====== Data extract ======

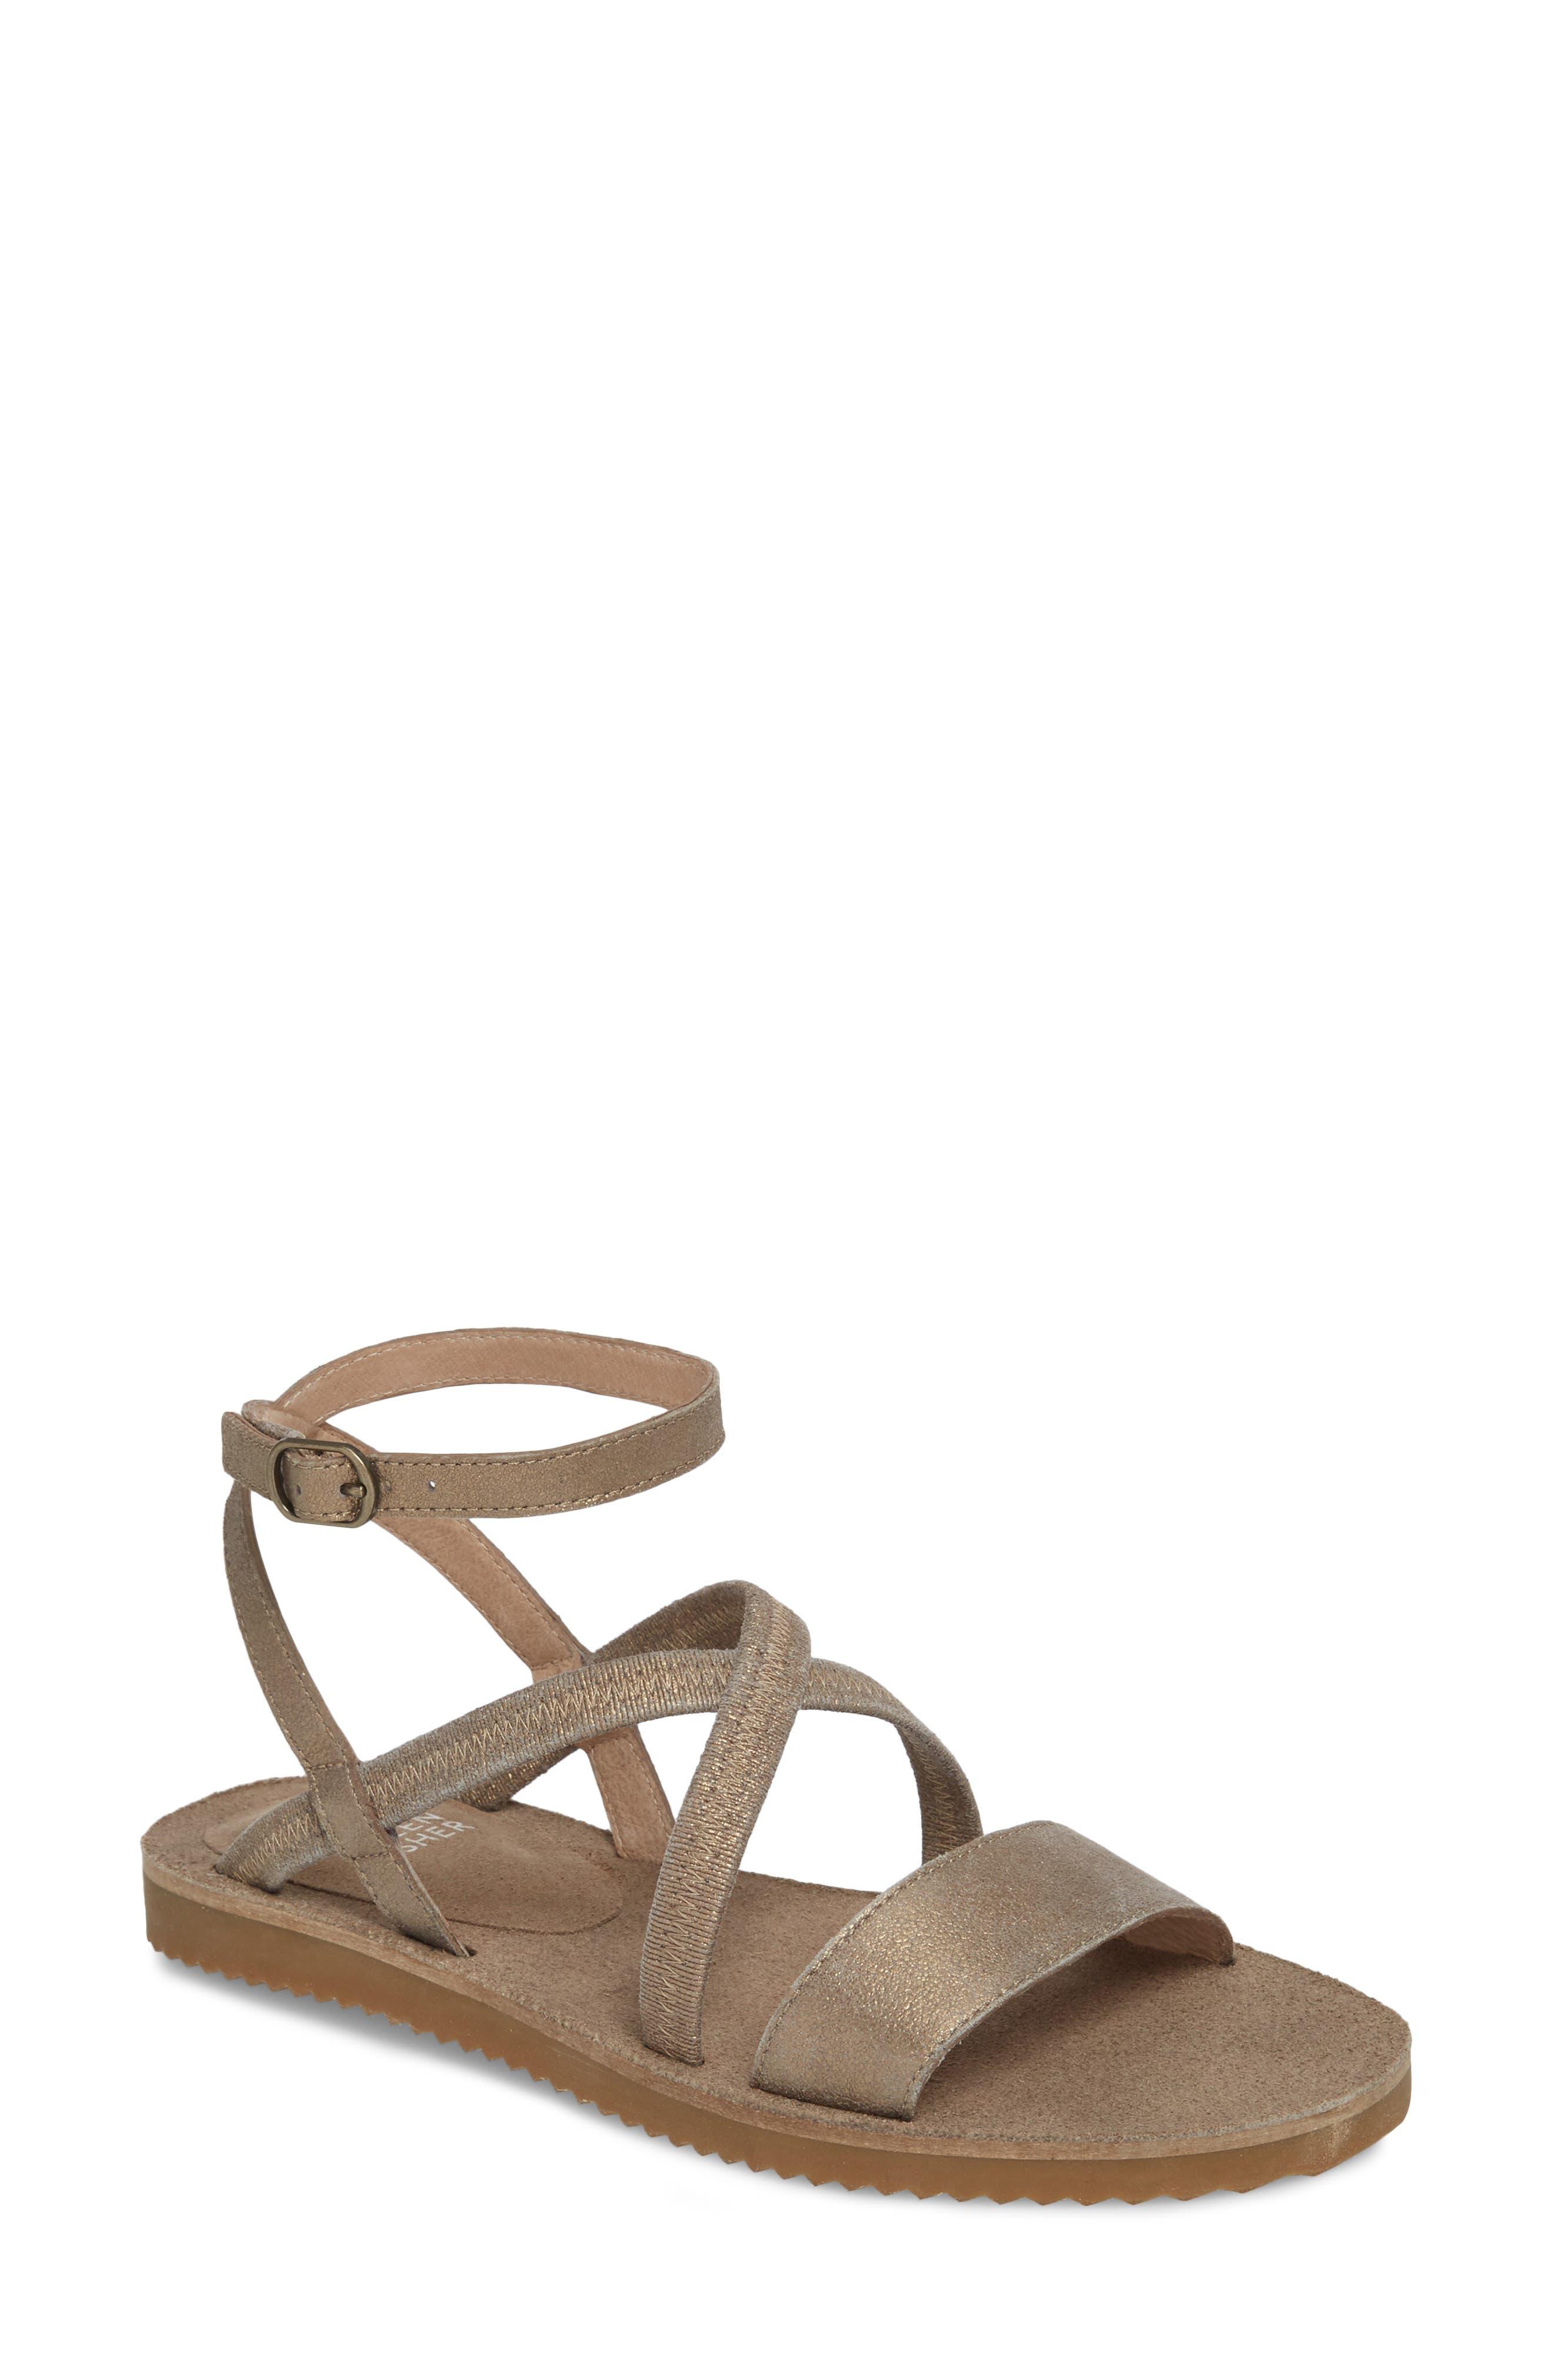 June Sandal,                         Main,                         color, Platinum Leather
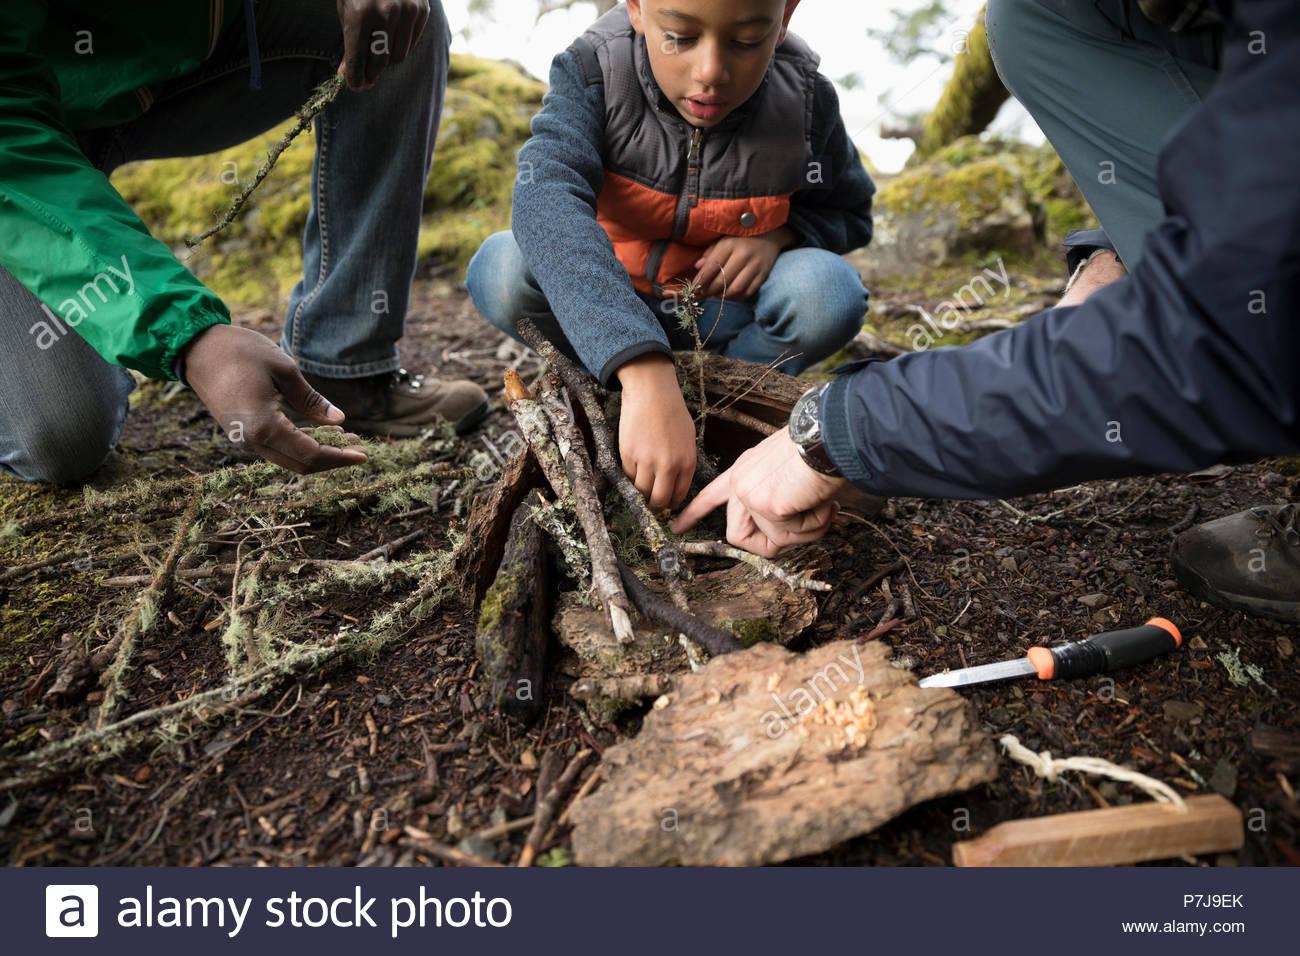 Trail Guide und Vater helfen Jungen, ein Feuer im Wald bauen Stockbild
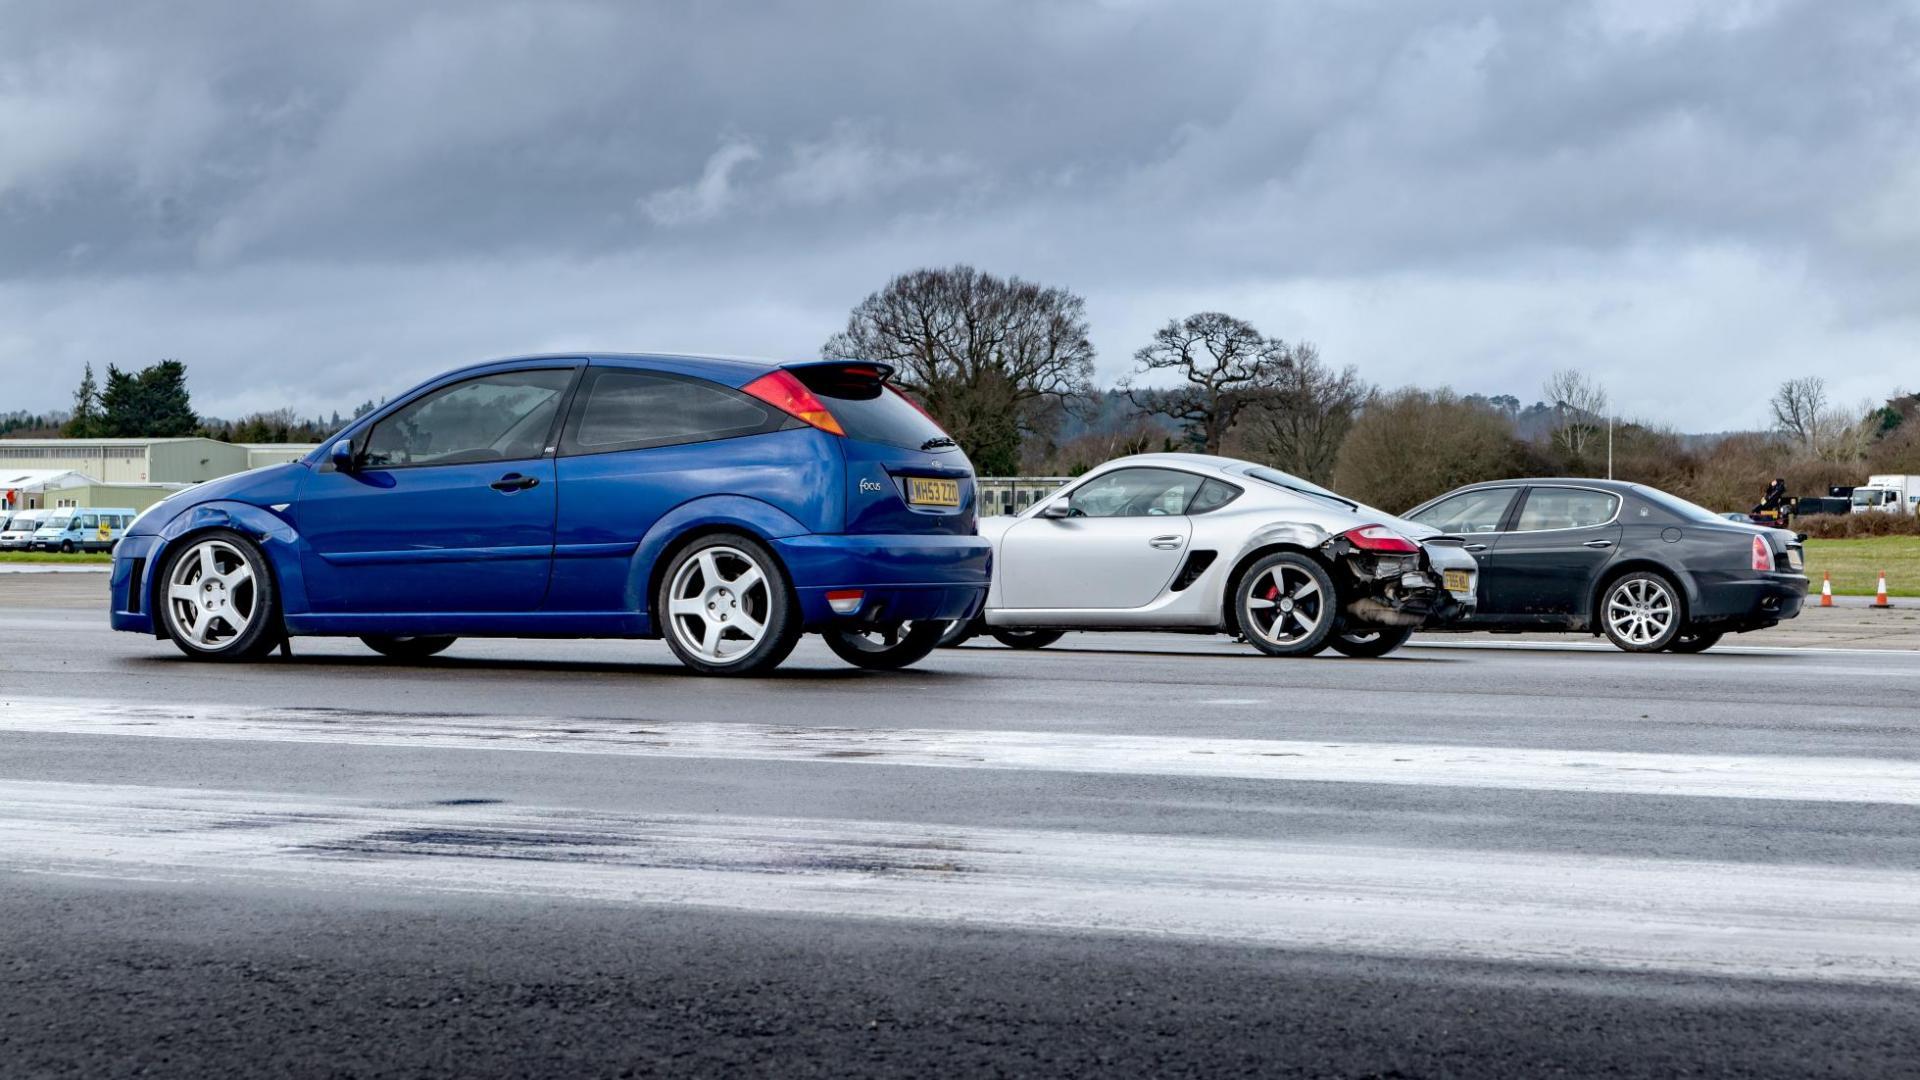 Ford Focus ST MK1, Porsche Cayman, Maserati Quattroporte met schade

======

Exercise —
Each line of the listing above must be given again exactly; the pictures are to be left out.

Reply —
 June Sandal,                         Main,                         color, Platinum Leather
 Trail Guide und Vater helfen Jungen, ein Feuer im Wald bauen Stockbild
 Ford Focus ST MK1, Porsche Cayman, Maserati Quattroporte met schade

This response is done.